10. Neurodegenerative Disease and MSNs Therapy

It has been well established that the accumulation of reactive oxygen and nitrogen species (RONS) are responsible for neuronal injury and inflammation, leading to various neurodegenerative disorders. A large number of studies evidenced that an antioxidant-based therapy can be effective to ameliorate the deleterious effects of RONS [92]. In this context, the antioxidant compound Resveratrol (RSV) is currently under investigation for its antioxidant properties, as it is able to remove the excess of RONS generated in the brain. However, since very low amount of RSV reach the CNS after systemic administration, Shen Y. et al. have recently proposed a new delivery system consisting of MSNs coated with polylactic acid (PLA) and conjugated with a ligand peptide recognizing the low-density lipoprotein receptor (LDLR).
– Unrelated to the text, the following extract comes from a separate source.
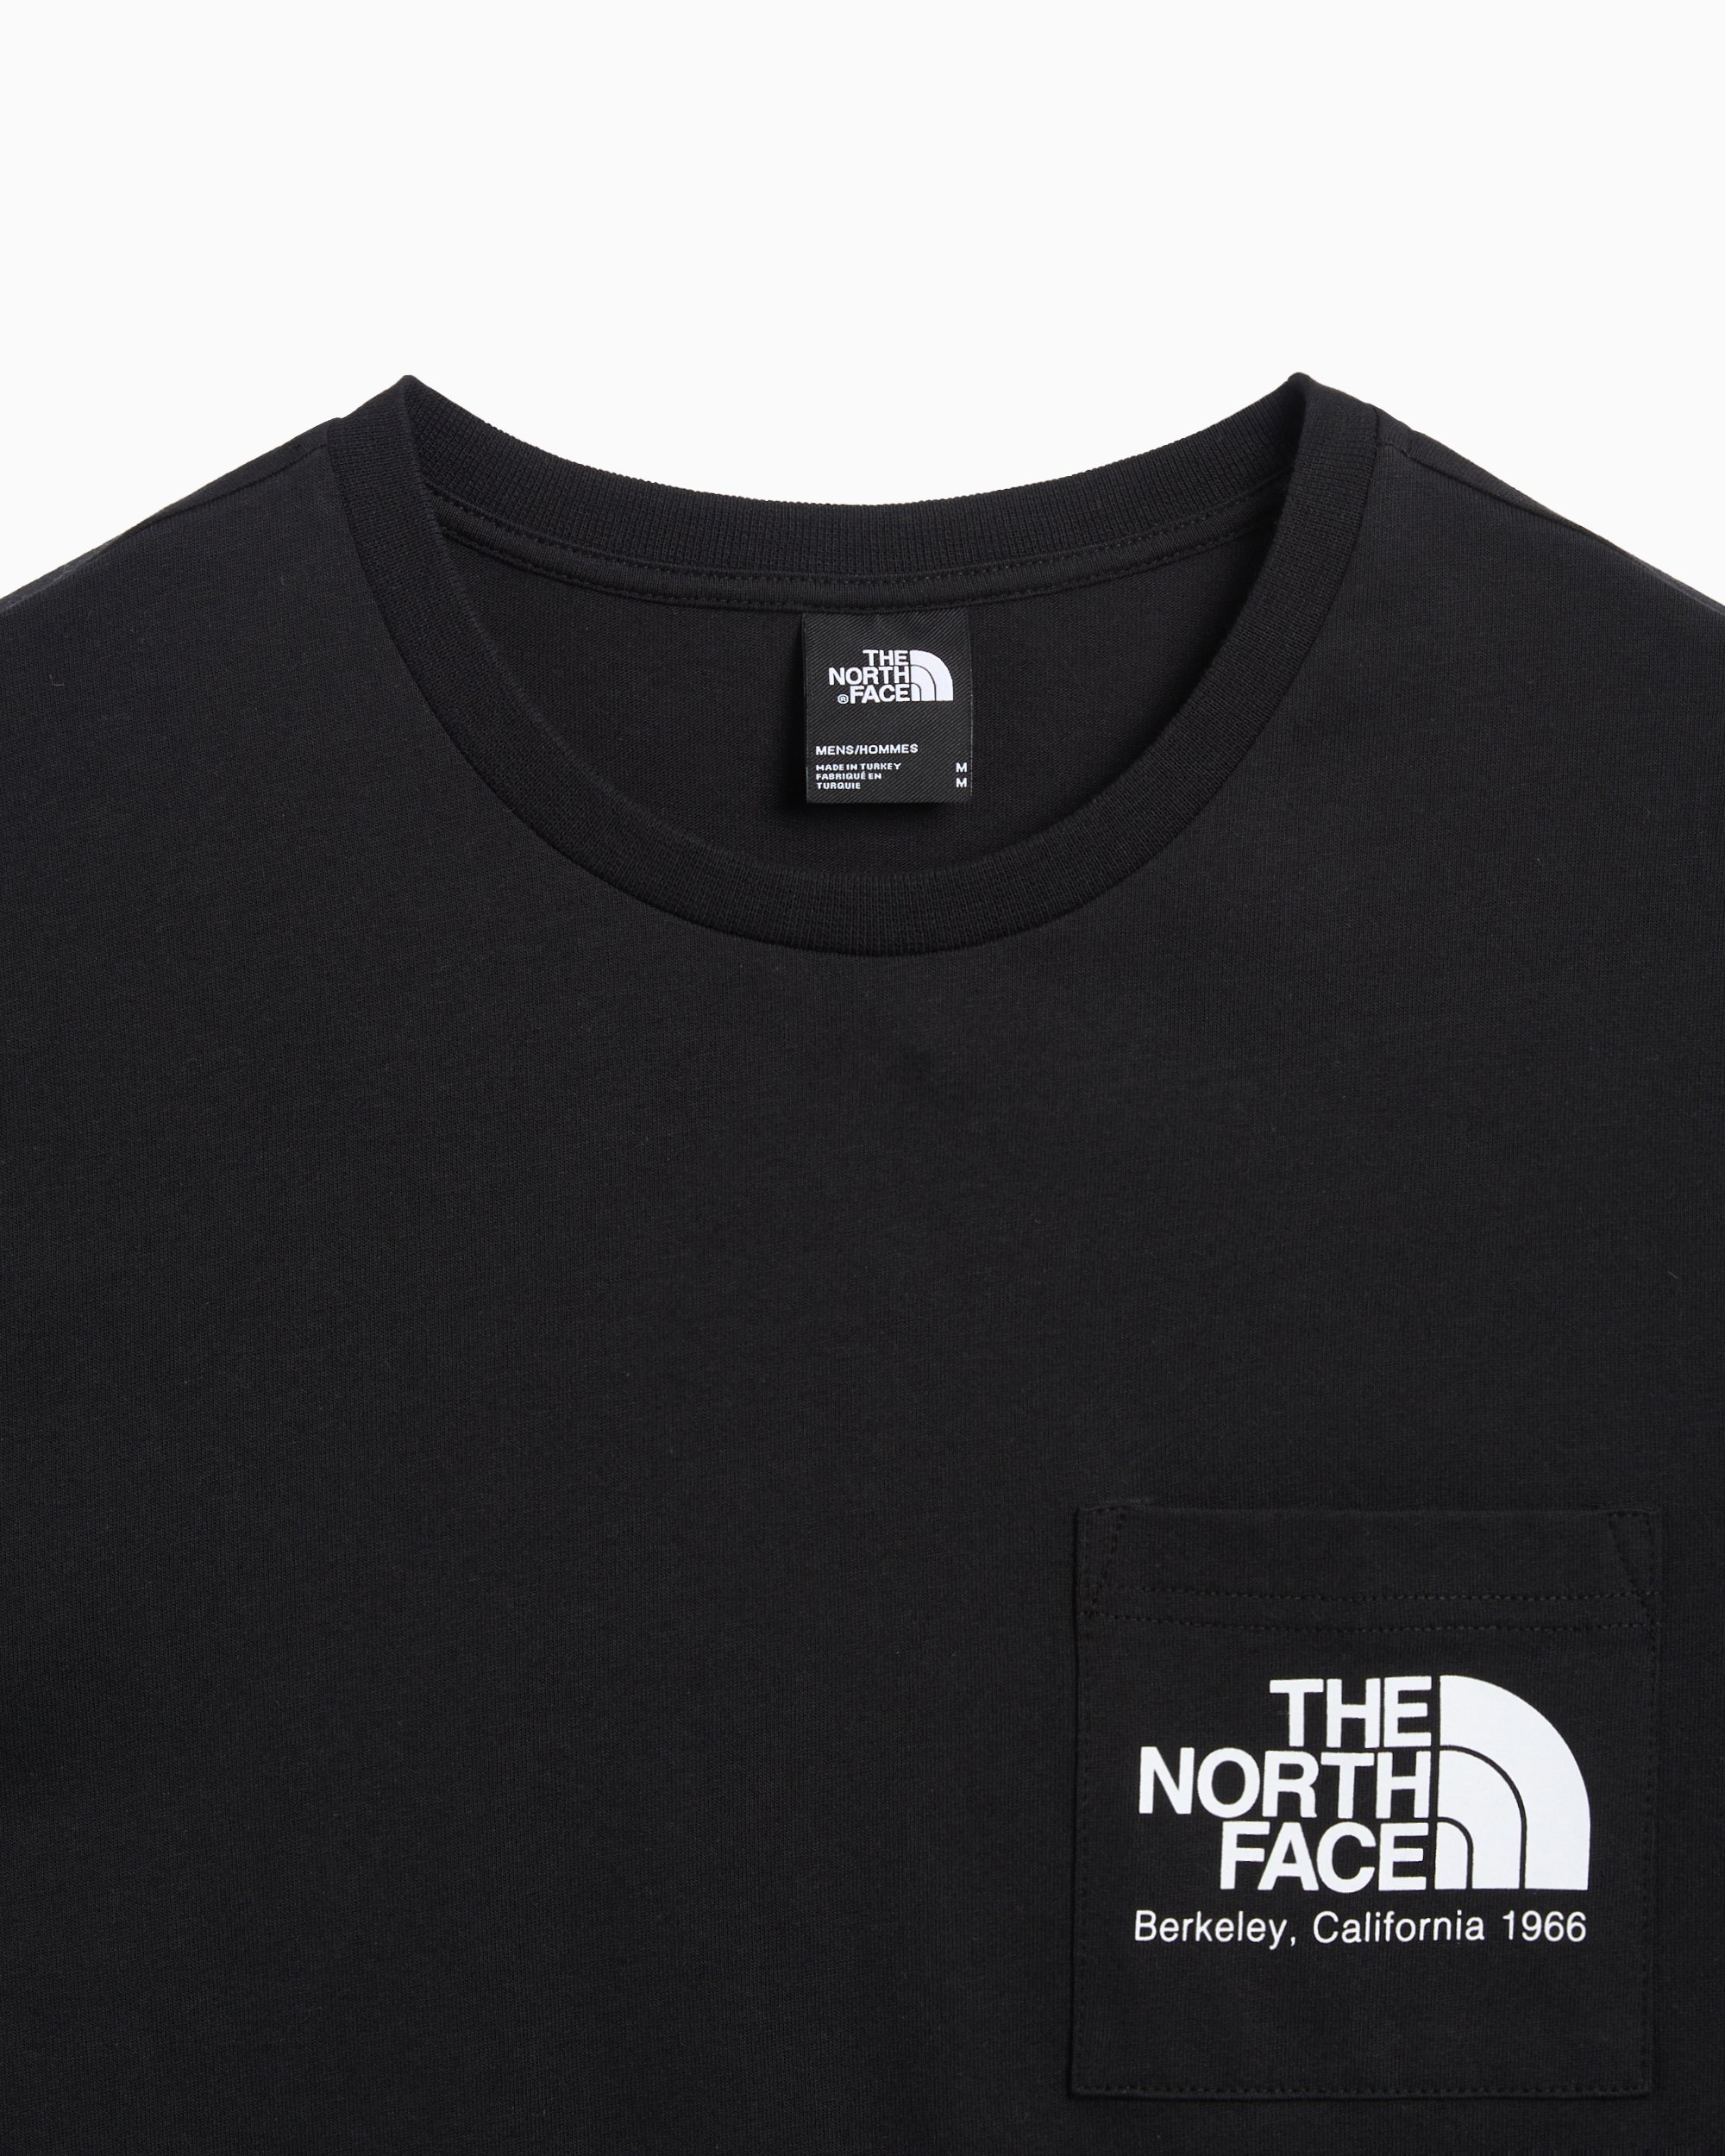 The North Face Berkeley California Men's Pocket T-Shirt Black

As conceived, the system strongly enhances RSV transcytosis across the BBB. The PLA coating prevented the RSV premature release, which occurred only in presence of high ROS levels that are able to accelerate PLA degradation. The RSV delivery across BBB was evaluated using a co-culture of rat brain microvascular endothelial cells (RBECs) and microglia cells, which mimic an in vitro BBB model. The conjugation of LDLR ligand peptide markedly enhanced the migration of MSNPs across the RBECs monolayer and RSV could be released and effectively reduce the phorbol-myristate-acetate or lipopolysaccharide mediated activation of the microglia cells [73].
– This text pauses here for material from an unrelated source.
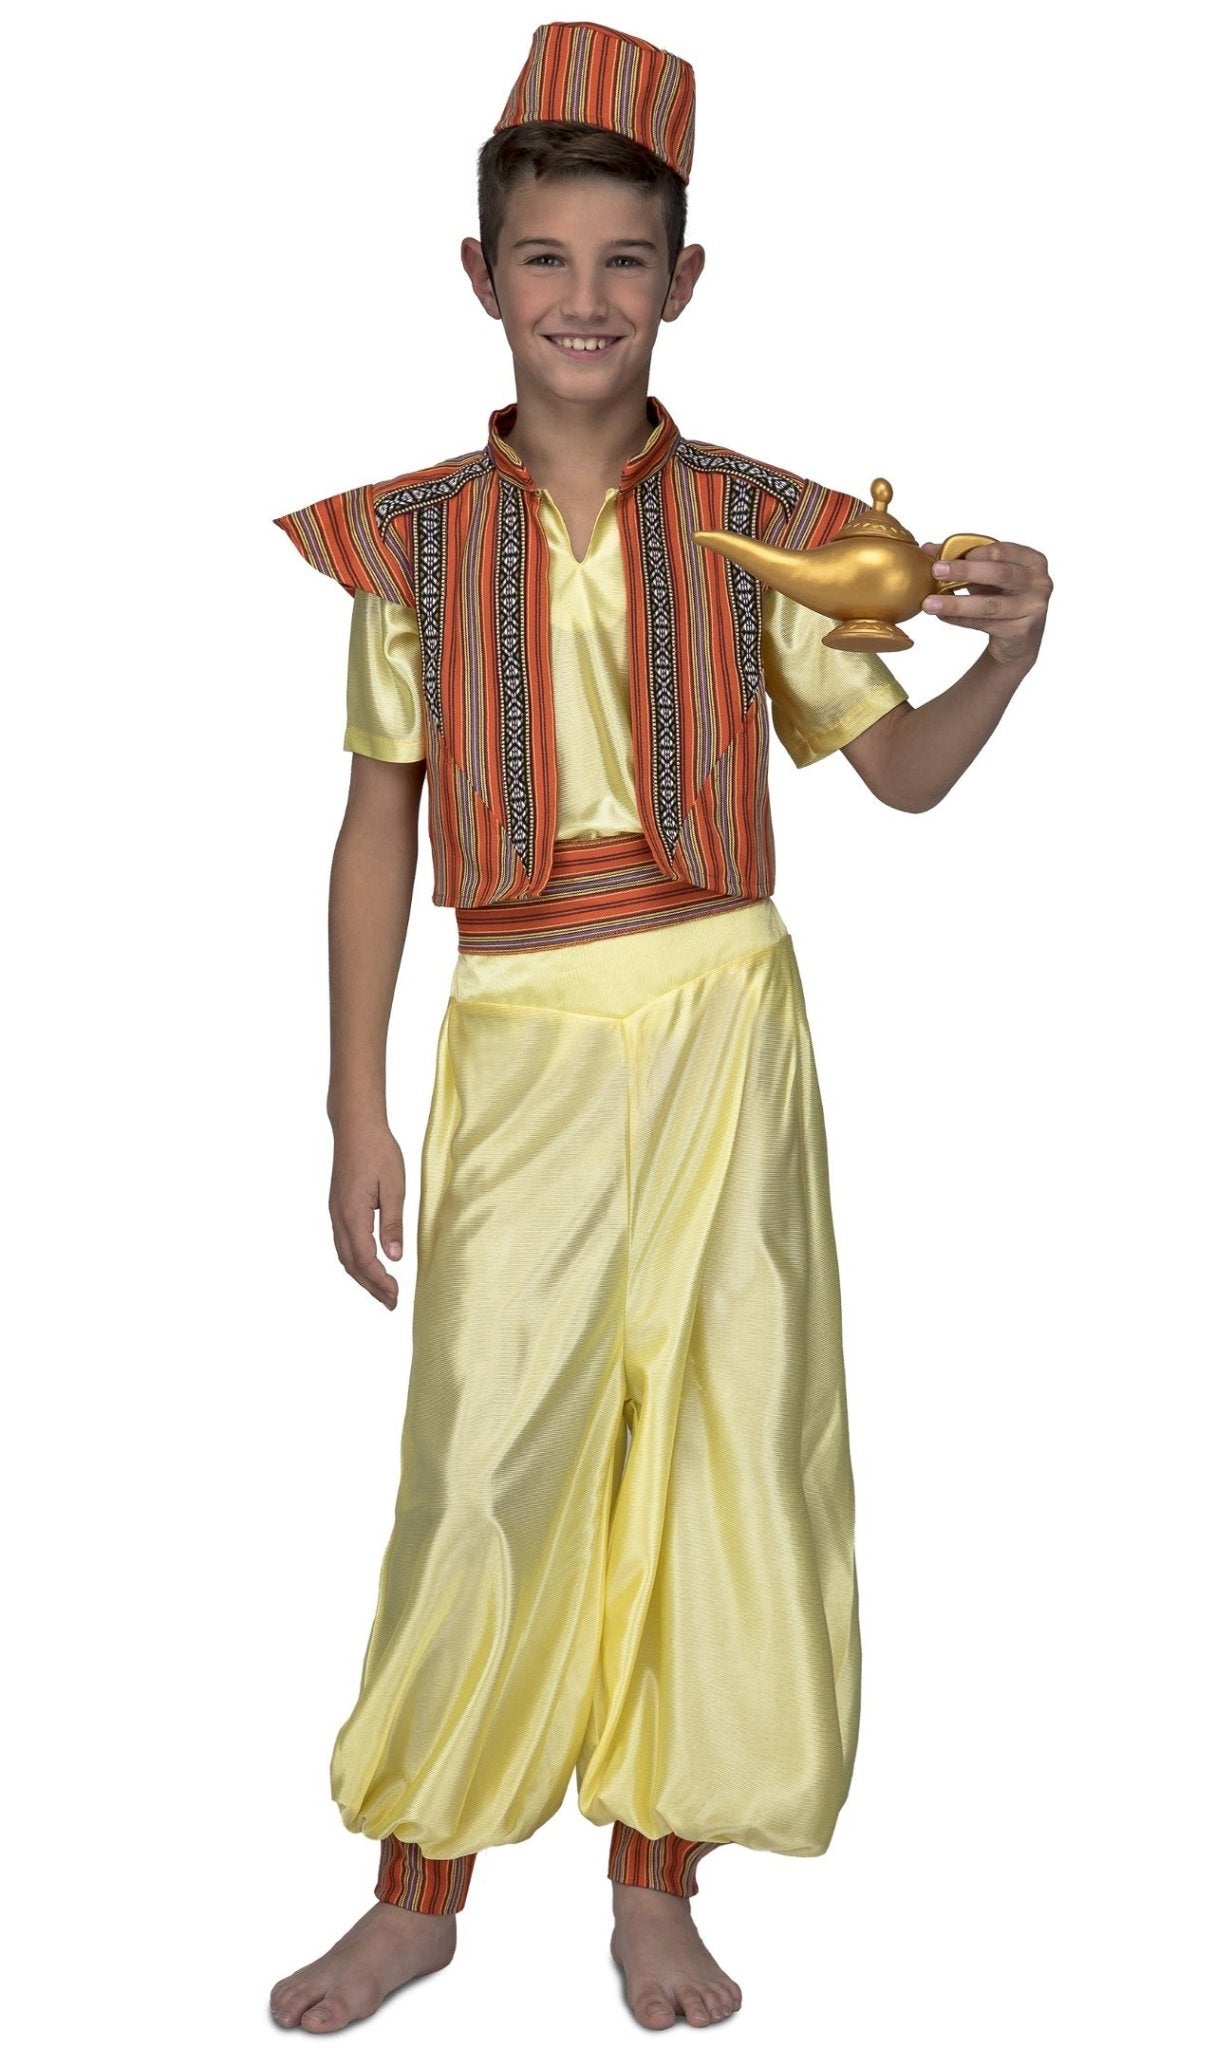 Disfraz de Aladdin para Niño

Several phytochemicals are known to protect neurons from injuries occurring during neurodegenerative diseases [93,94,95,96,97,98,99]. Currently, drug delivery into the brain after systemic administration is limited by the poor permeability of the BBB. Thus, a promising alternative administration route to bypass the BBB is represented by the nose-to-brain delivery. Lungare S. and co-workers proposed MSNs bearing the poorly water-soluble phytochemicals chrysin and curcumin (MSNP) as potential drug delivery systems that exploit olfactory targeting for the treatment of neurodegenerative diseases. The authors show that small MSNP particles (below 500 nm) could be endocytosed by olfactory cells and that the slightly acidic pH of the nasal cavity can trigger the pH-dependent release of the phytochemicals. Overall, this drug delivery system targeting the BBB would represent an interesting alternative to the systemic administration, since a lower drug cargo is needed to achieve similar therapeutic effects [62].

11. Conclusions

Nanotechnologies have gained attention in all areas of science and, among the nanomaterials, MSNs boast considerable potential due to their unique properties. This review is an update on the advantages and the potential applications of MSNs as TDD and as drug vehicles opportunely tailored to overcome the BBB. Although a series of very interesting preclinical studies have been conducted, demonstrating MSNs’ ability in crossing both skin and the BBB, none of the proposed formulations have yet been tested in clinical trials. The main obstacle to reaching the clinic lies in MSNs’ main features (e.g., surface functionalization, charge, size, and shape) and on the difficulties in the reproducibility of a small-scale synthesis during scale-up processes under Good Manufacturing Practices (GMP) conditions. Moreover, although MSNs showed remarkably high biocompatibility in several in vivo studies, safety issues still have to be properly addressed, conducting crucial evaluations of MSNs pharmacokinetics, clearance, half-life, pharmacodynamics, immunogenicity, and organ accumulation. Therefore, MSNs’ future challenge is to overcome all these limitations in order to eventually start offering forefront and cost-effective solutions that satisfy many different clinical and cosmetic needs.